I recall the excitement of watching the Aer Lingus Airbus pull up to the gate at Boston’s Logan Airport for our last trip a lifetime ago. “That’s us,” I told Libby, who rolled her eyes as if she were bestowing upon me the “Most Bleeding Obvious Award for Outstanding Obviousness Award (presented by the Department of Redundancy Department).”

We had planned ahead and ponied up the extra dough for the front seats near the entrance so we wouldn’t have some dolt in front of us dropping his seat into our laps the nanosecond the front wheels left the tarmac. There was the ethereal boarding music, Enya, I believe.

Then the red headed cartoon man showed all the befuddled passengers how easily they could unlock their safety belts and was shocked, himself, to find out that smoking was prohibited. He stored his briefcase in a cavernous area under the seat before him that, in reality is only big enough for the front half of your shoes?

There it is, the green Eejit There it is, the green and white plane bringing us back home

The first thing I always do on the trans-Atlantic flight to Ireland is to check the entertainment in the latest issue of Cara. I’ll not say this lightly, Cara isn’t bad at all when compared to magazines on U.S. airlines, which all seem to assume that everyone is really into golf and business acquisitions.

However, Aer Lingus is a big fan of pop music, and I’m not talking the Monkees crooning out an old Neil Diamond hit for the 98 percent of adults on the plane, no. They prefer the kind that makes even tweenagers ask, “what’s this load of bullocks?” But I digress, because I’ve been informed that I’m a crusty old man and people like all sorts of music. Ah well.

Thank the stars Aer Lingus gives you entertainment choices. Life was considerably more difficult crossing the pond when there was only the one video, but then again, they used to fill you up on all the bevvy you could stomach back then and didn’t ask for anything in return.

I recall one time when the flight attendant asked if I wanted another can of Guinness. I replied in the affirmative and she asked if I wanted two. I was a bit shocked, but I answered swiftly lest she see her blunder: yes.

Of course, now they sell me one, then come by to see if I’d like to purchase a second, and that’s it. I suppose with all the airline rage fueled by alcohol I can hardly blame them.
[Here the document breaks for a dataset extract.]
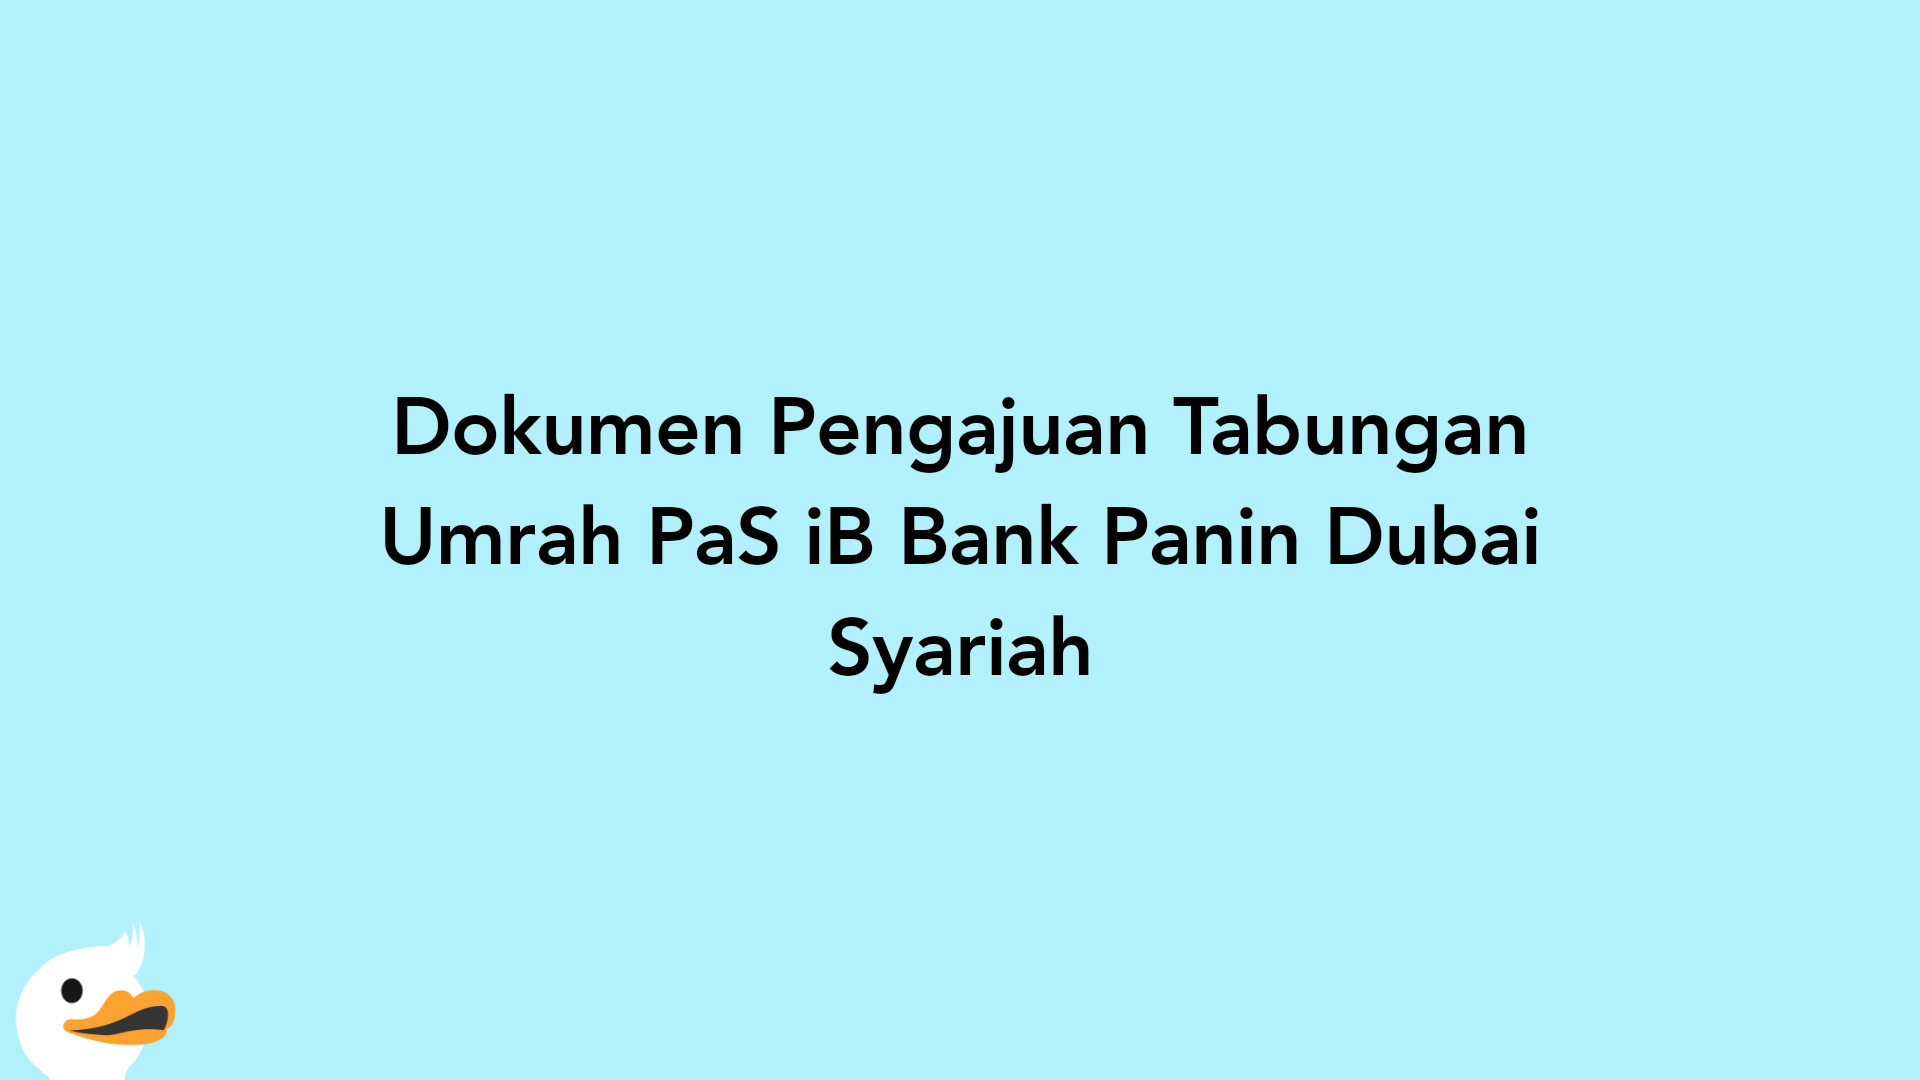 Dokumen Pengajuan Tabungan Umrah PaS iB Bank Panin Dubai Syariah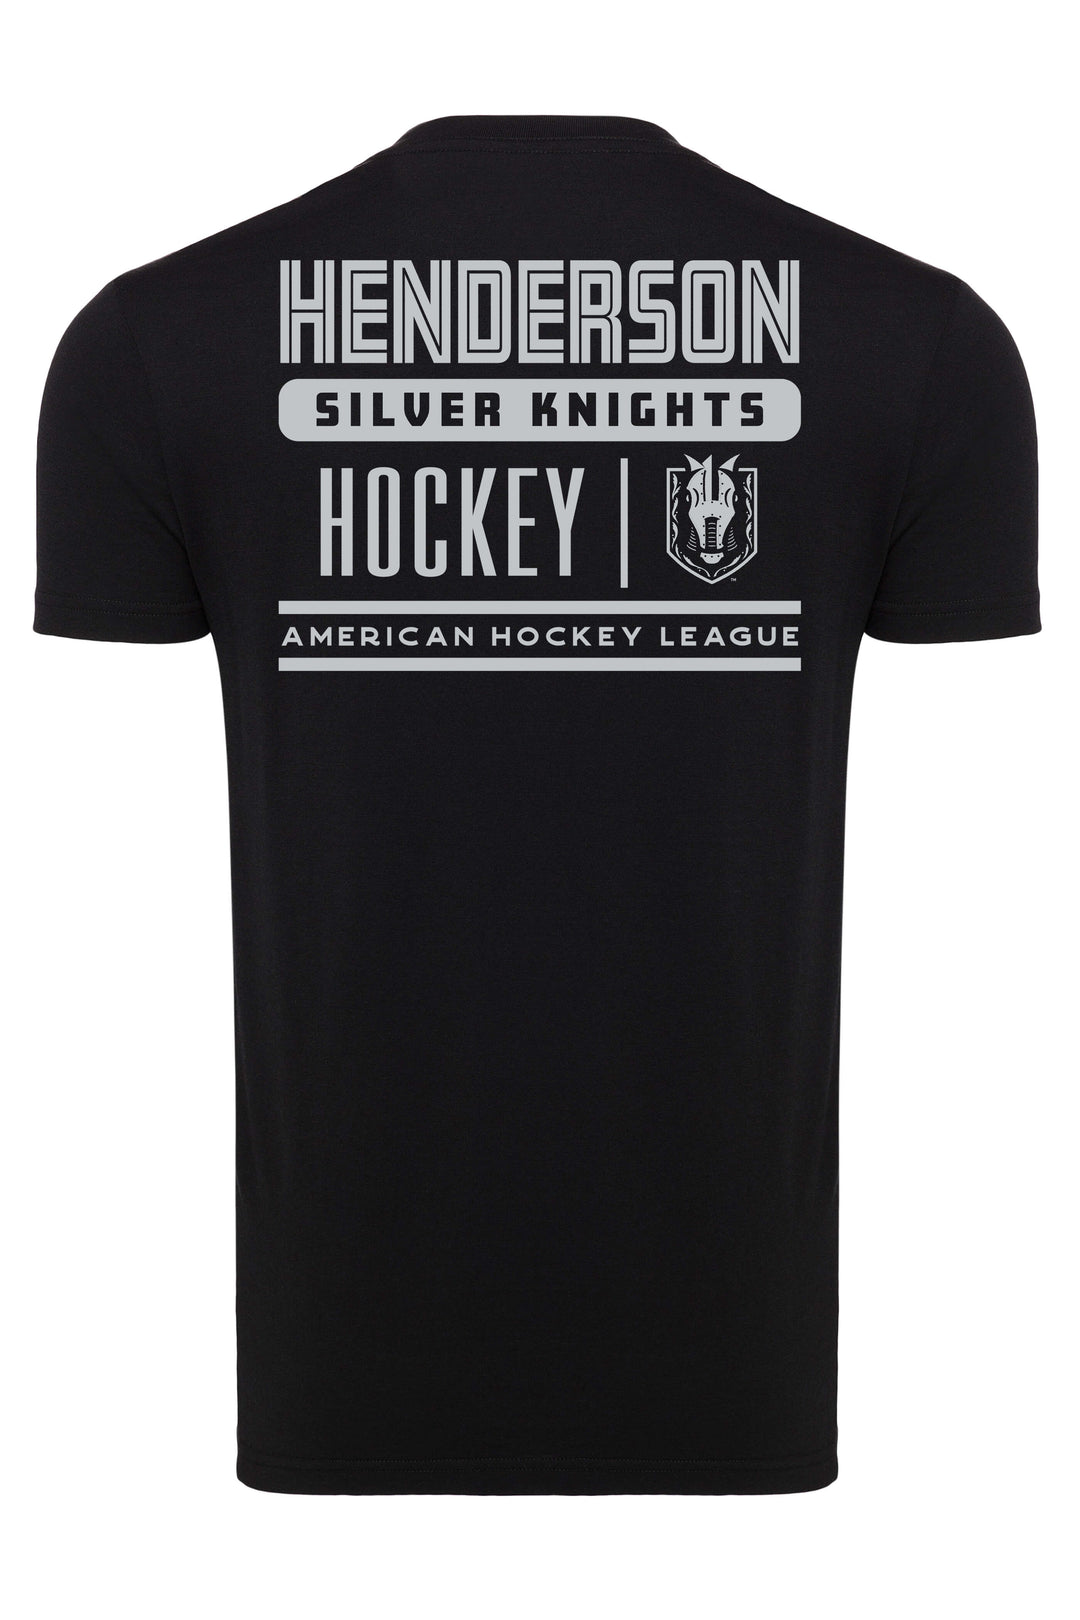 Henderson Silver Knights Sportiqe Small Logo T-Shirt - Vegas Team Store

When I’ve settled on a movie to bear the brunt of the time, I move to the grub selections. Chicken or beef lasagna? Beef lasagna or chicken? Oh, the choices! Rather than waste valuable cranium calories, I opt to wing it whenever the cart comes by.

Liam Neeson
I always close my eyes for a bit, but I just can’t sleep on planes. Still, the evening flight for me generally rolls by pretty quickly and I start to get excited when they roll out the morning tea and snack. From the entertainment console, I turn on the route tracker and watch as the plane flies over the auld sod as it’s oftentimes too dark to see out of the window. It’s a glorious feeling when the plane reaches Irish airspace; the plea from Liam Neeson for Unicef on all of the tellies, the video tour of Dublin and environs.

I can only speak for myself when I say that it’s truly like coming home. I’ve spent most of my life in the States, but I was born in Drogheda and there’s something that feels natural about being there.

And then the wheels touch down and I know it’s going to be increasingly hard to stay awake, despite the adrenaline of a new trip. The direct flight from Boston lands at an ungodly hour and there’s still customs and immigration lines to endure, the car rental to pick up, the drive to the hotel as the sun is beginning to peek out…and then the wait.

A Full Irish Breakfast
Very few hotels will let anyone check in so early, so we generally leave off our bags at the hotel and head out for some breakfast. A full Irish is usually the ticket and to be truthful, it’s probably the only one I’ll have for the trip. That’s enough arterial blockage for a couple of weeks, says I.

The juncture after eating is the hardest, knowing that there’s a bed with my name on it that’s not quite ready. All of the experts advise one to stay up for the first day, at least as long as you can, but I’ve never had much luck with that, so I hit the bricks as soon as I can with an alarm set, so I don’t sleep past 2-3 p.m.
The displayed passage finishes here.